What’s missing is that there’s nothing as yet stating that appending values to the back and the front of another list is an equivalent way to appending a value only to the front of a list. We need to state this explicitly; but how? I decided that the easiest way would be by defining a new inductive property, `list_alt`

which holds for all lists that can be constructed by adding things to the back and the front. Then, we can show that it holds for all lists, and, therefore, that any list can be constructed this way.

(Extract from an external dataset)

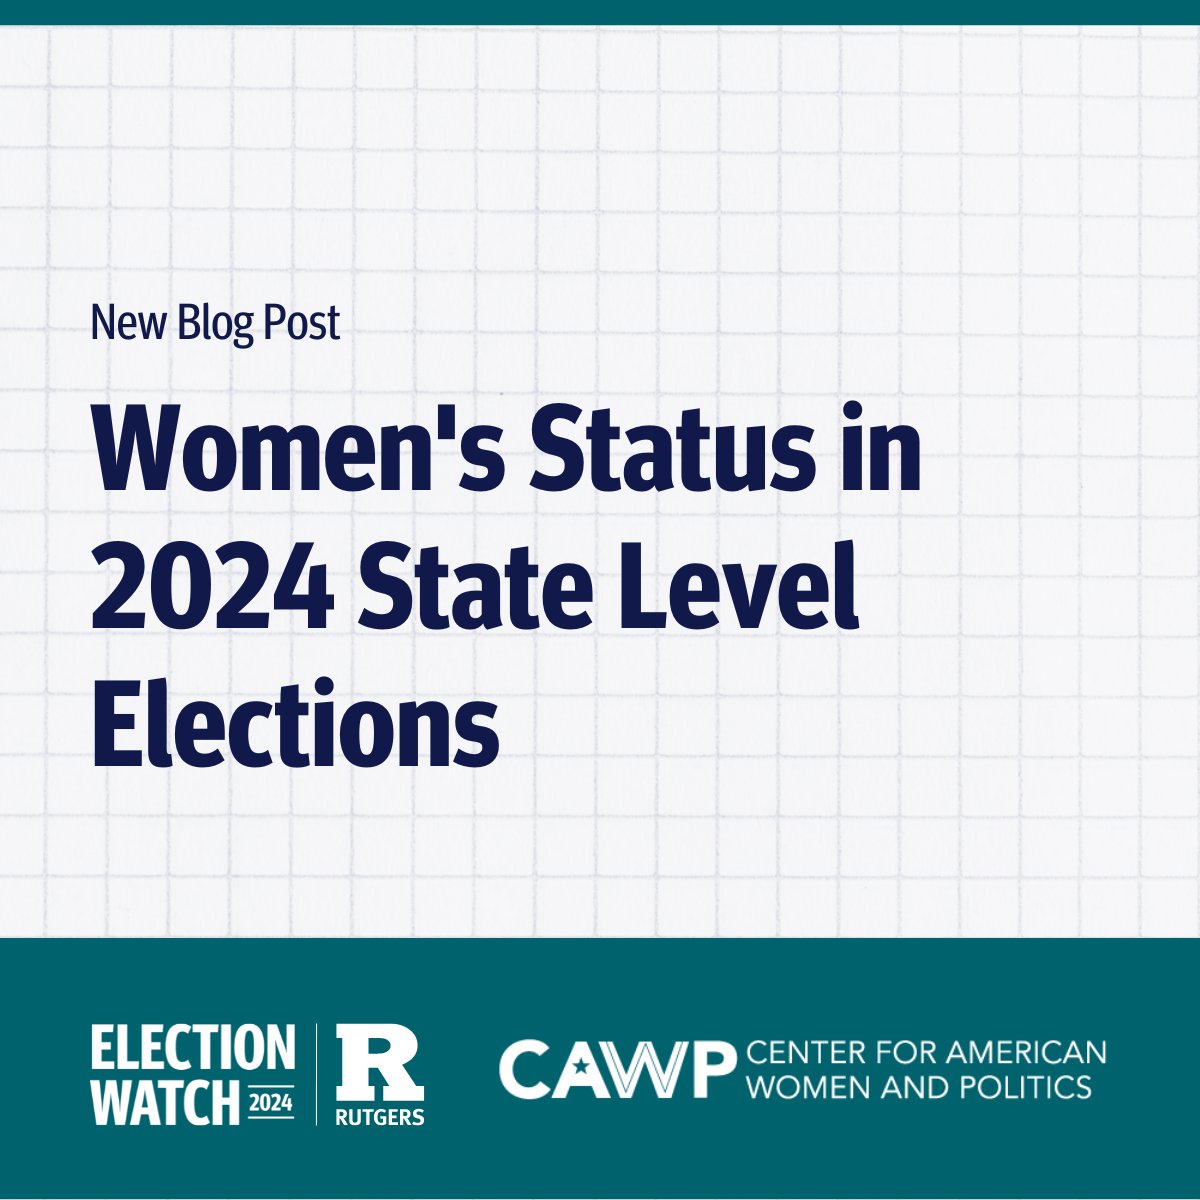 Last week, CAWP Director of Research @kdittmar released a new analysis of state level candidacies in election 2024. Here's what she discovered: cawp.rutgers.edu/blog/womens-st…

I defined the property as such:

```
Inductive list_alt { X : Type } : list X -> Prop :=
| list_alt_base : list_alt []
| list_alt_x : forall (x : X), list_alt [x]
| list_alt_xy : forall (x y : X) (l : list X), list_alt l -> list_alt (x::l++[y]).
```

Then, to prove it true for all lists, I first showed what is effectively the inductive hypothesis of a proof by induction on the structure of a list:

```
Theorem list_alt_cons { X : Type } : forall (x : X) (l : list X),
list_alt l -> list_alt (x::l).
Proof.
intros x l H.
induction H.
- apply list_alt_x.
- assert (I : [x;x0] = [x] ++ [] ++ [x0]).
{ reflexivity. }
rewrite I. apply list_alt_xy. apply list_alt_base.
- inversion IHlist_alt.
+ simpl. assert (I : [x; x0; y] = [x] ++ [x0] ++ [y]).
{ reflexivity. }
rewrite I. apply list_alt_xy. apply list_alt_x.
+ assert (I : x0::(l0 ++ [y0]) ++ [y] = (x0::(l0++[y0]))++[y]).
{ reflexivity. }
rewrite I. apply list_alt_xy. apply list_alt_xy. apply H1.
Qed.
```

Next, the actual proof of equivalence simply used the previous theorem:

```
Theorem list_alt_correct { X : Type } : forall (l : list X), list_alt l.
Proof.
induction l.
- apply list_alt_base.
- apply list_alt_cons. apply IHl.
Qed.
```

Finally, we can prove our custom principle of induction (by induction (!) on the property list_alt, which we now know holds for all lists):

```
Theorem alt_induction { X : Type } : forall (P : list X -> Prop),
P [] ->
(forall (x : X), P [x]) ->
(forall (l : list X), P l -> forall (x y : X), P (x::l++[y])) ->
forall (ln : list X), P ln.
Proof.
intros P Hb1 Hb2 Hss ln.
induction (list_alt_correct ln).
- apply Hb1.
- apply Hb2.
- apply Hss. apply IHl. Qed.
```

Finally, the palindrome proof can simply use this principle. Coq turns out to have a mechanism to use a custom induction principle via `induction … using …`

:

```
Theorem rev_pal' { X : Type } : forall (l : list X), l = rev l -> palindrome l.
Proof.
intros l H. induction l using alt_induction.
- (* Base case 1; empty list is palindrome by definition. *)
apply palindrome_nil.
- (* Base case 2; singleton list is palindrome by definition. *)
apply palindrome_x.
- (* Inductive step (and interesting case.) *)
(* Milk the reverse property to show that we end and begin with the same thing. *)
assert (Hi1 : x::l ++ [y] = (x::l) ++ [y]). reflexivity. rewrite Hi1 in H.
rewrite rev_app_distr in H. simpl in H. injection H as Heq1.
(* Do the same again; This time, we also find that rev l = l. *)
apply rev_injective in H. repeat (rewrite rev_app_distr in H). simpl in H. injection H as Heq2.
(* Use the induction hypothesis to deduce that l is a palindrome. *)
rewrite rev_involutive in H. symmetry in H. apply IHl in H.
(* We know we start and end with the same thing; Use the third way to construct a palindrome.
Since l is a palindrome, we are done. *)
rewrite Heq1. apply palindrome_xs. apply H.
Qed.
```

### Conclusion

Although I’m proud to have figured this out, I’m not sure if my solution can be considered “good” by the experts. I took advantage of the fact that Coq allows proofs by induction on propositions, which may be less direct than otherwise possible. However, the solution works, and the resulting proofs are quite elegant. I should also note that it’s possible to use `list_alt`

to prove `rev_pal`

wihout using induction. It’s not much longer, but perhaps less clean.